Cette question, messieurs, a été résolue affirmativement par notre section centrale ; elle attribue aux jurés les procès politiques et de la presse, c'est-à-dire les matières qui exigent au plus haut degré, outre l'indépendance, la fermeté et la probité, la connaissance des hommes, des droits, des besoins, de la société et de la force de son gouvernement.

La section centrale a donc jugé la Belgique digne de posséder l'institution du jury, et cependant elle la lui refuse.

Elle la lui refuse, car les crimes politiques sont très rares en comparaison des délits en général.

Il y a là une inconséquence qu'il est de notre devoir de corriger ; nous ne pouvons pas vouloir que la garantie du jury soit accordée aux accusations en matière politique ou de presse, accusations qui régulièrement entraînent des peines légères, presque jamais infamantes, et que cependant cette sauvegarde soit enlevée aux nombreux accusés dont l'honneur, la liberté et la vie sont mis en péril, tous les trois mois, dans nos cours d'assises.

Je finis par vous rappeler, messieurs, en faveur de mon opinion, le grand principe que tous les Belges sont égaux devant la loi.

Je vote pour l'admission du jury en toutes matières criminelles. (U. B., 24 janv.)
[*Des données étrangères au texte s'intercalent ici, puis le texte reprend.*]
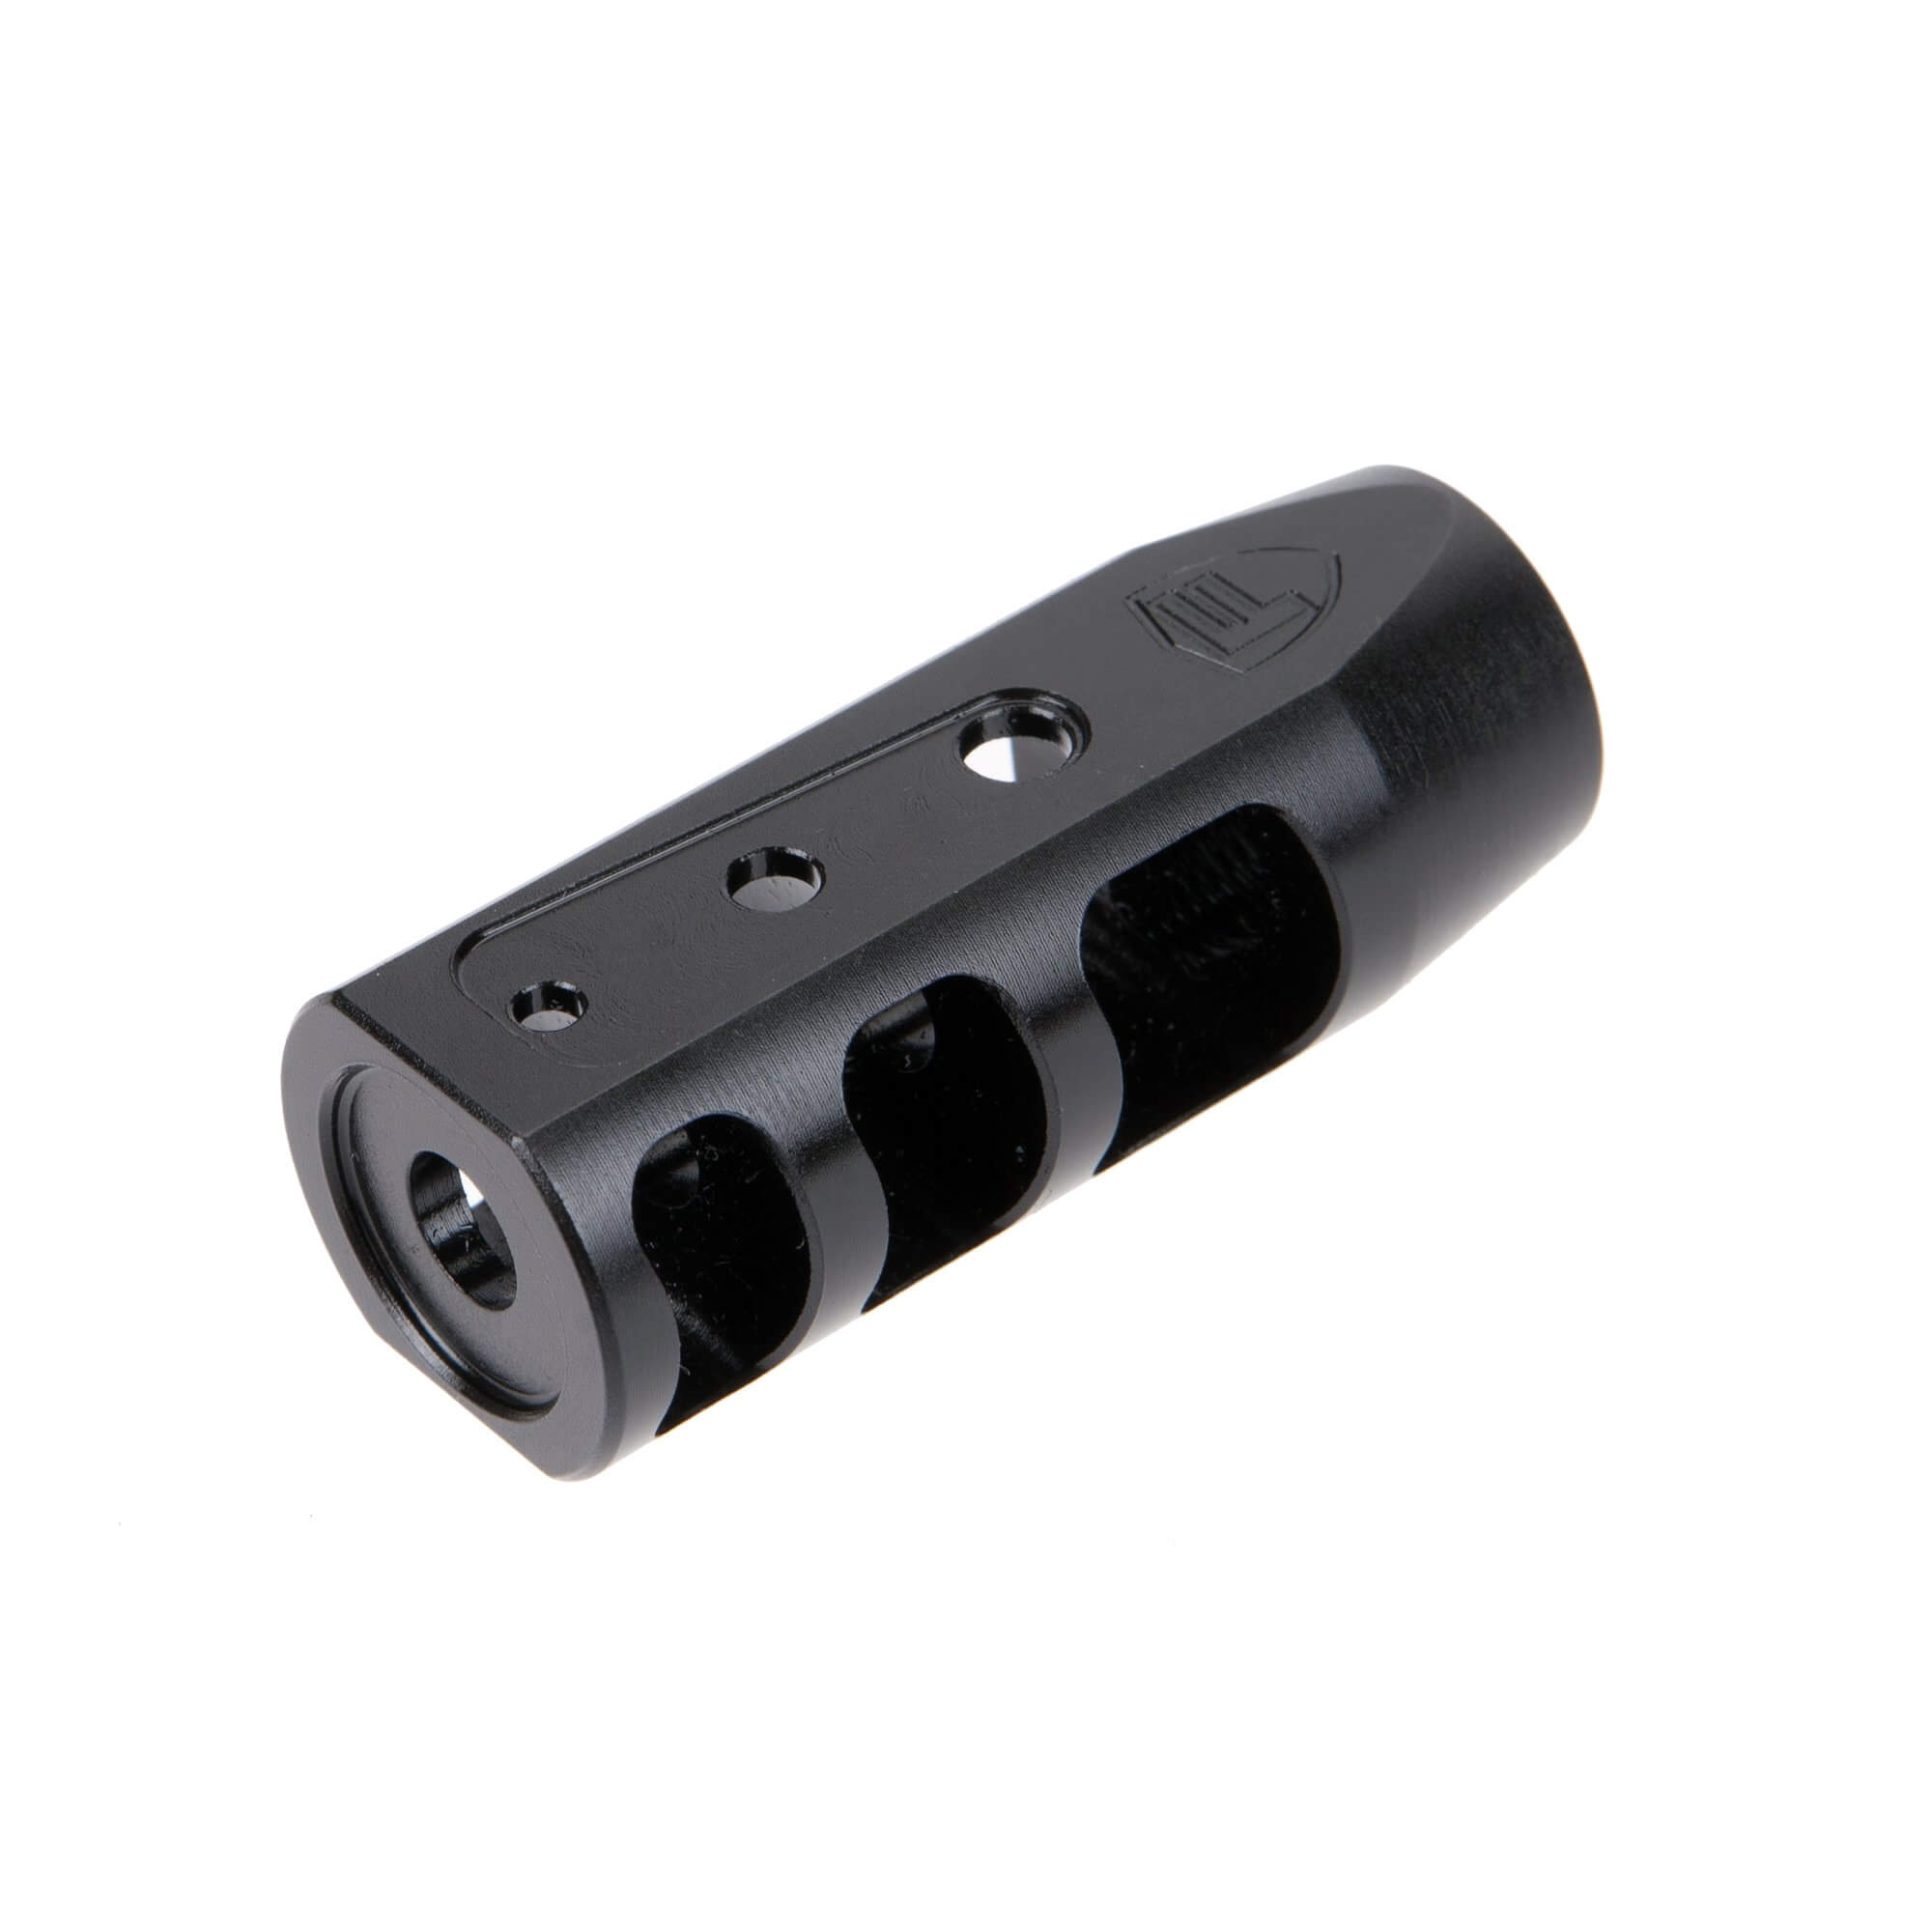 Fortis RED 556 Muzzle Brake, AR-15 Accessories

M. Trentesaux – Les orateurs qui m'ont précédé ont tous parlé dans mon sens. Je renonce à la parole. (C., 24 janv.)

M. Helias d’Huddeghem – L'un de nos griefs les plus odieux, contre l'ancien gouvernement, a été l'abolition du jury par simple arrêté. Si cette garantie tutélaire avait été maintenue, jamais de fatales poursuites n'eussent été même tentées. La crainte seule d'être frustré de l'institution du jury amena l'insurrection de l'Amérique du Nord contre l'Angleterre. Aussi de nouveaux développements de cette garantie furent-ils les résultats immédiats de la victoire populaire.

Le grand jury se compose, aux États-Unis, de 12 à 24 citoyens ; pour qu'une accusation puisse être admise, le suffrage de 12 est indispensable. Des conditions nombreuses sont exigées pour faire partie du jury ; les noms de ceux qui réunissent les qualités requises sont déposés dans une boîte (page 234) scellée, à la maison municipale ; dans la quinzaine qui précède les assises, on tire au sort 36 jurés, parmi lesquels les 12 jurés définitifs sont choisis de la même manière.

Il est inutile, messieurs, de vous faire observer que le mode de formation du jury est infiniment plus libéral en Amérique qu'il ne l’est en France d'après le Code de décembre 1808, encore en vigueur, puisque c'est par le soin des préfets que se forme la liste du jury pour chaque session.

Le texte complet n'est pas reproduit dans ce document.